Prompt:
Retype the data exactly, skipping any picture in it.

Data block:
▼
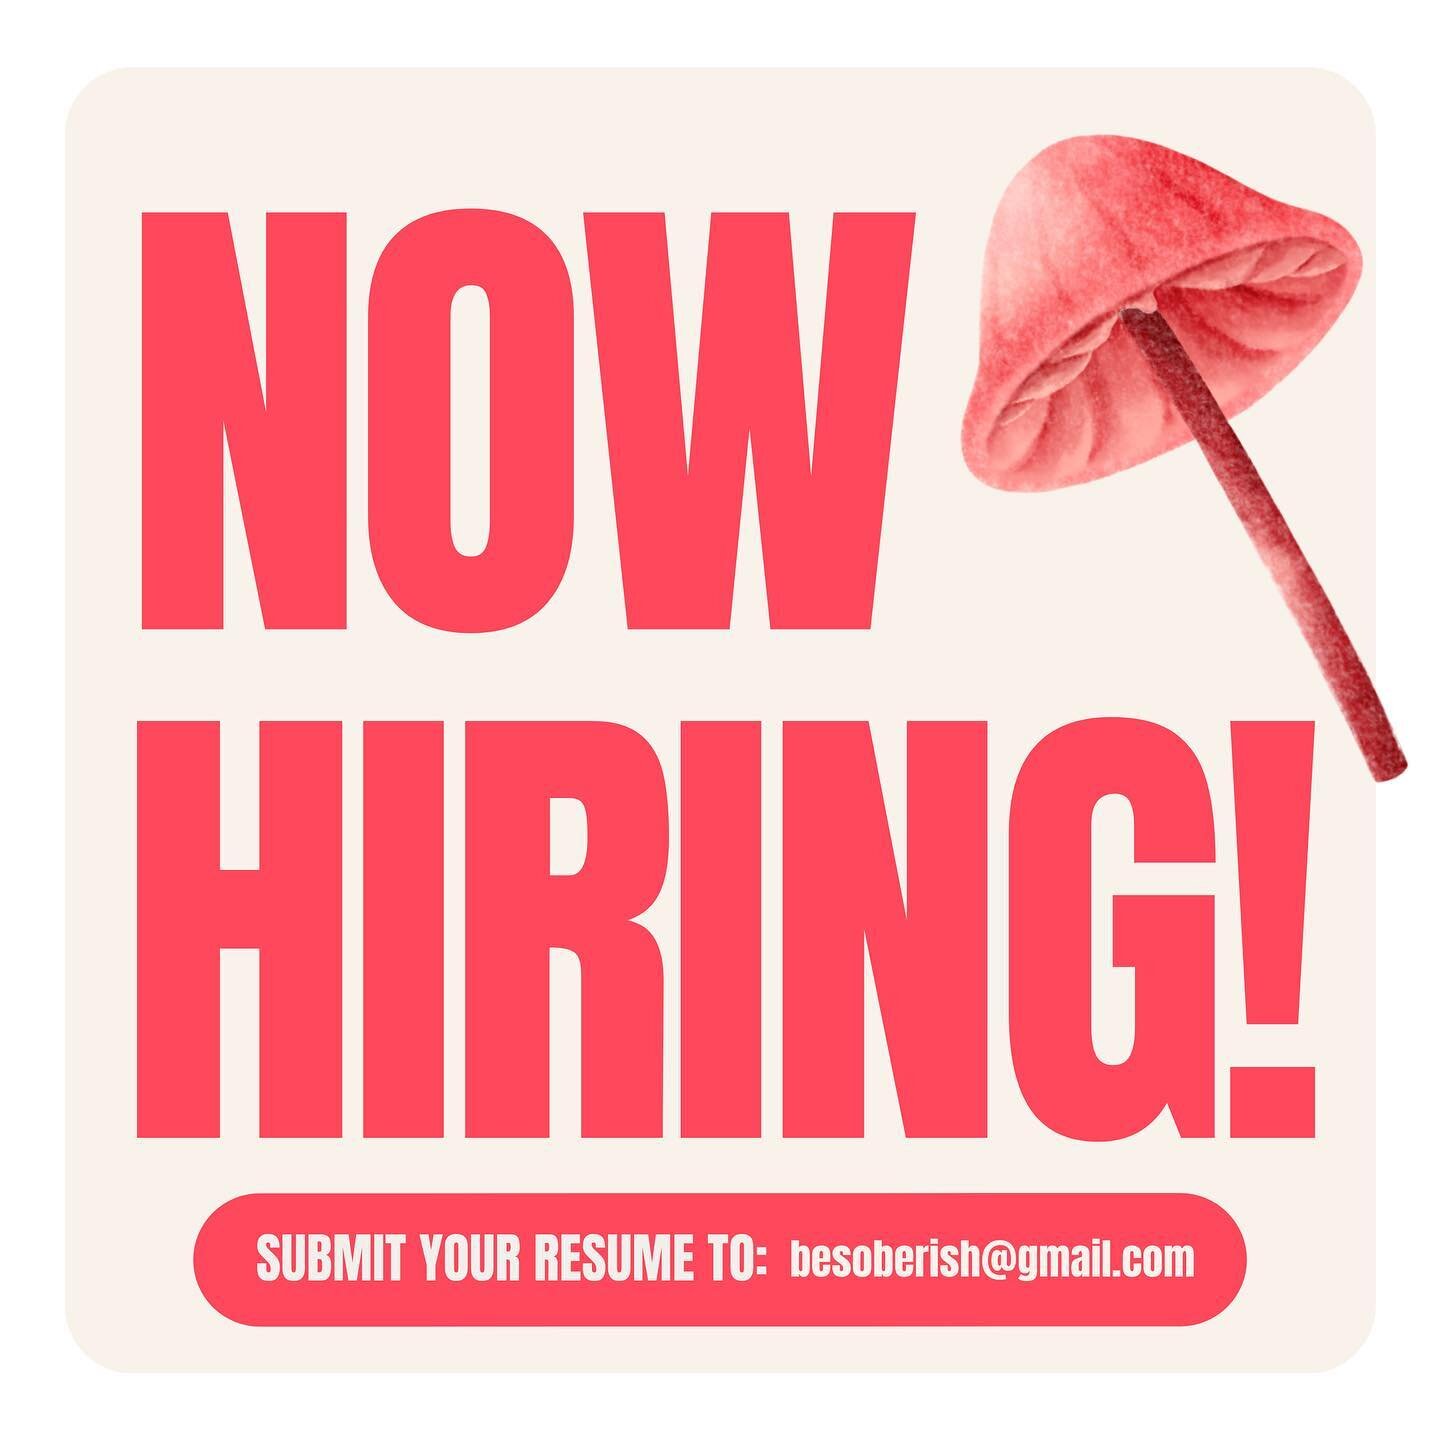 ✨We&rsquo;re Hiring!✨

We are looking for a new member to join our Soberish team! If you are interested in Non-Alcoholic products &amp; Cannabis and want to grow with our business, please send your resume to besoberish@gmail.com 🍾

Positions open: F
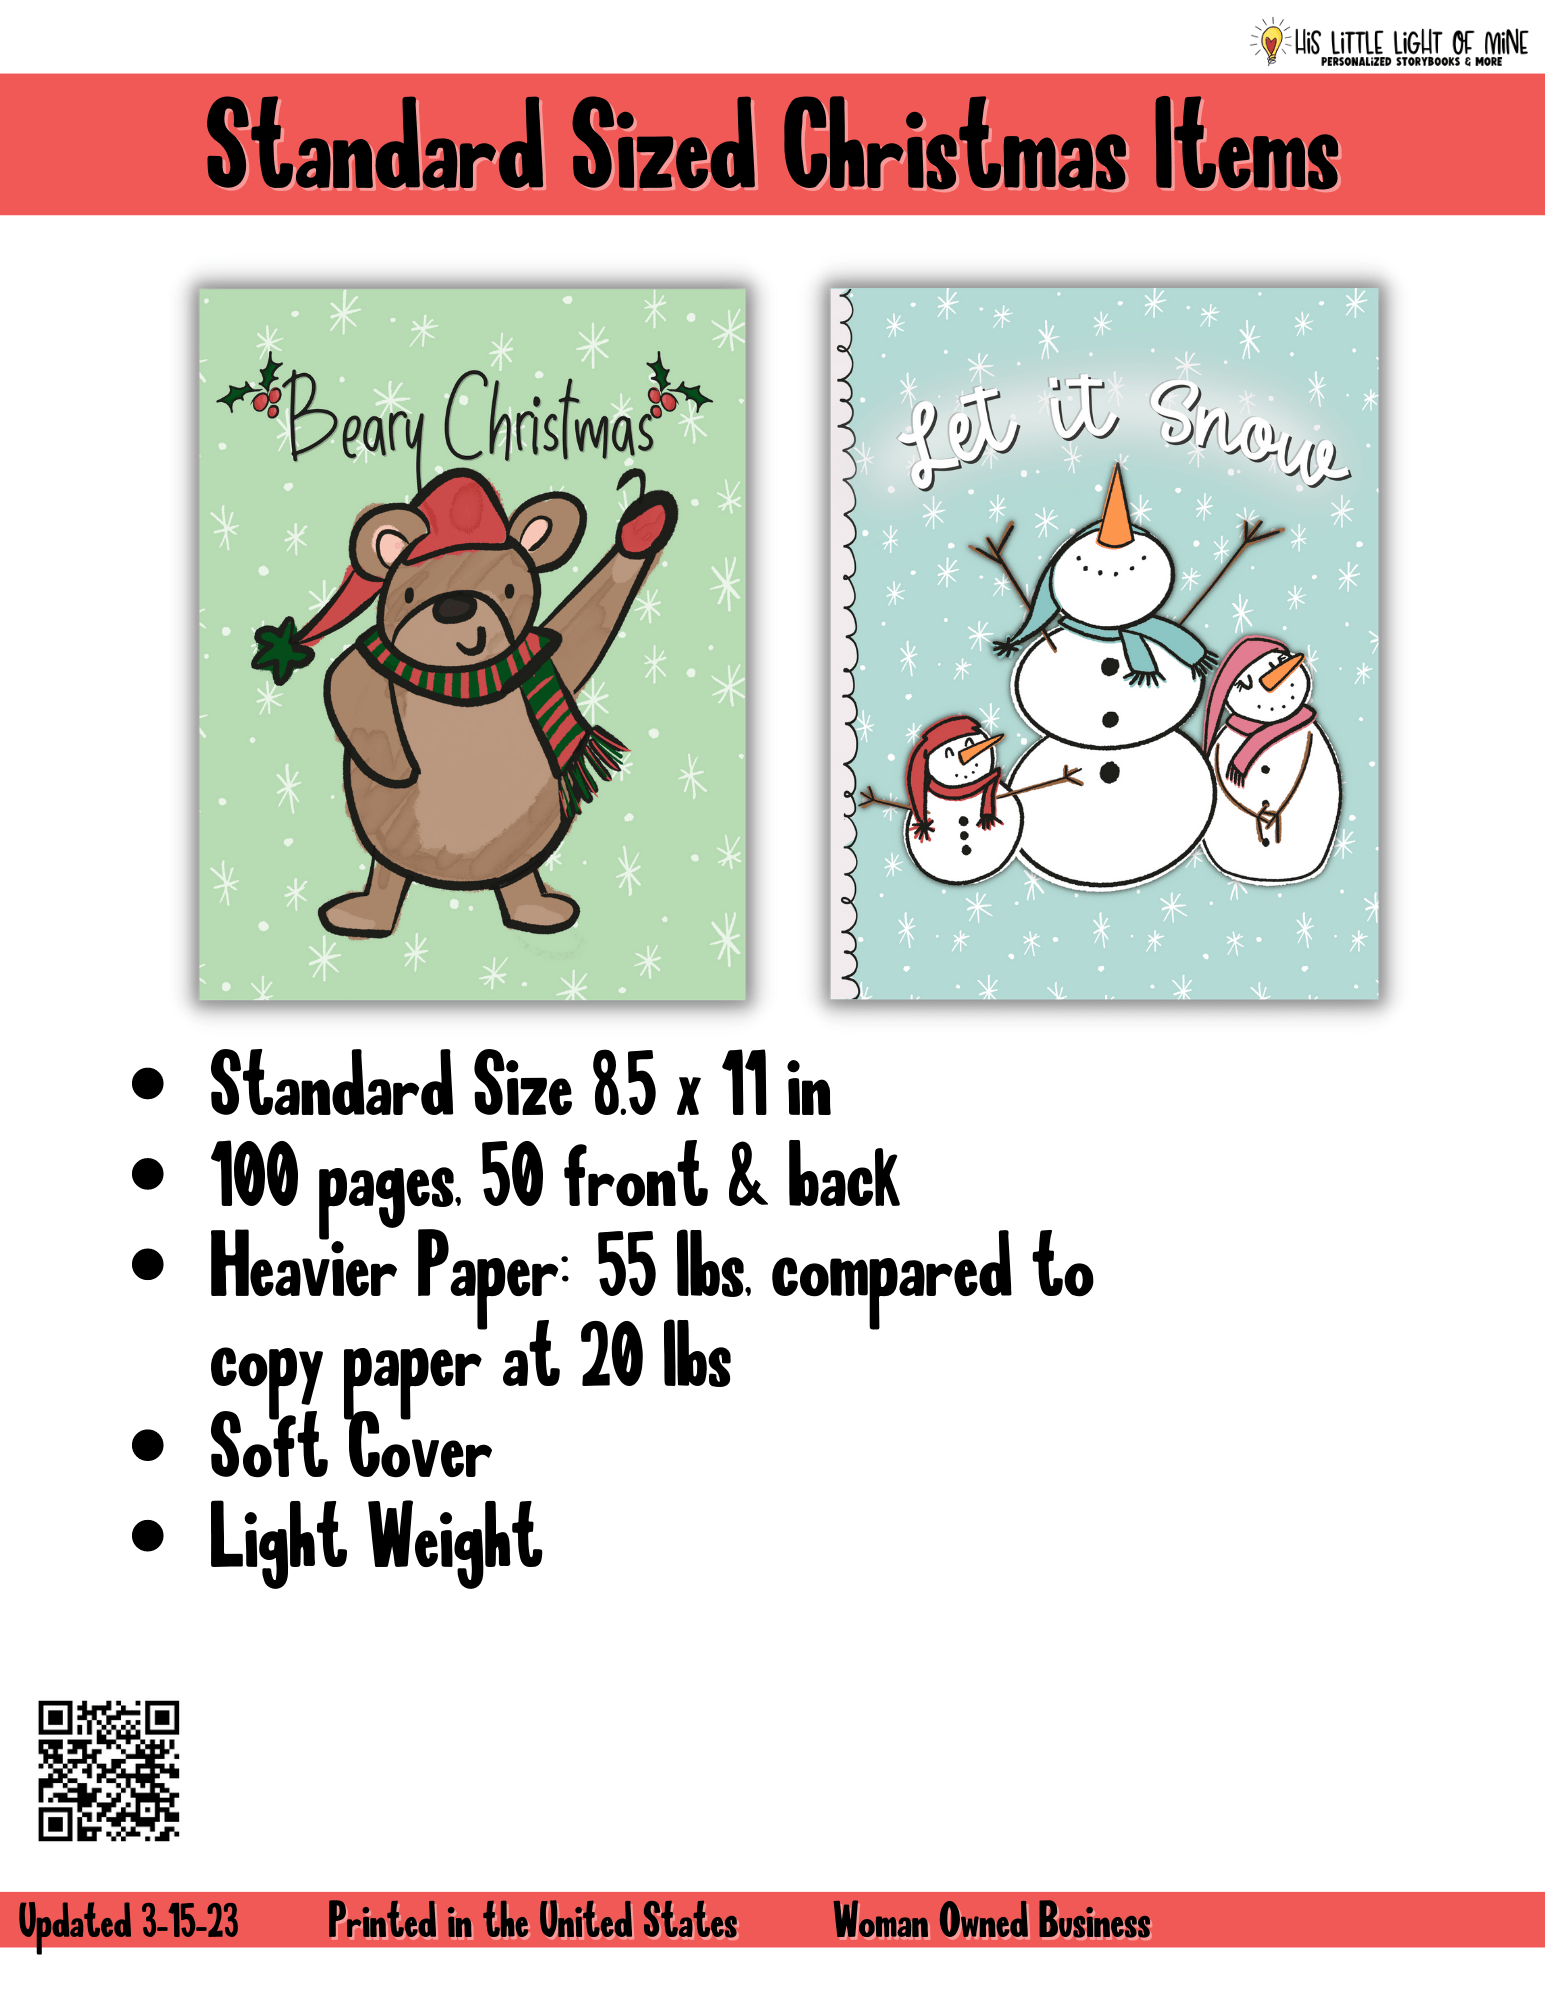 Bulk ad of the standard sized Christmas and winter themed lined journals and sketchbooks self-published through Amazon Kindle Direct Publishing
▲
Output below:
 ✨We&rsquo;re Hiring!✨

We are looking for a new member to join our Soberish team! If you are interested in Non-Alcoholic products &amp; Cannabis and want to grow with our business, please send your resume to besoberish@gmail.com 🍾

Positions open: F
 Bulk ad of the standard sized Christmas and winter themed lined journals and sketchbooks self-published through Amazon Kindle Direct Publishing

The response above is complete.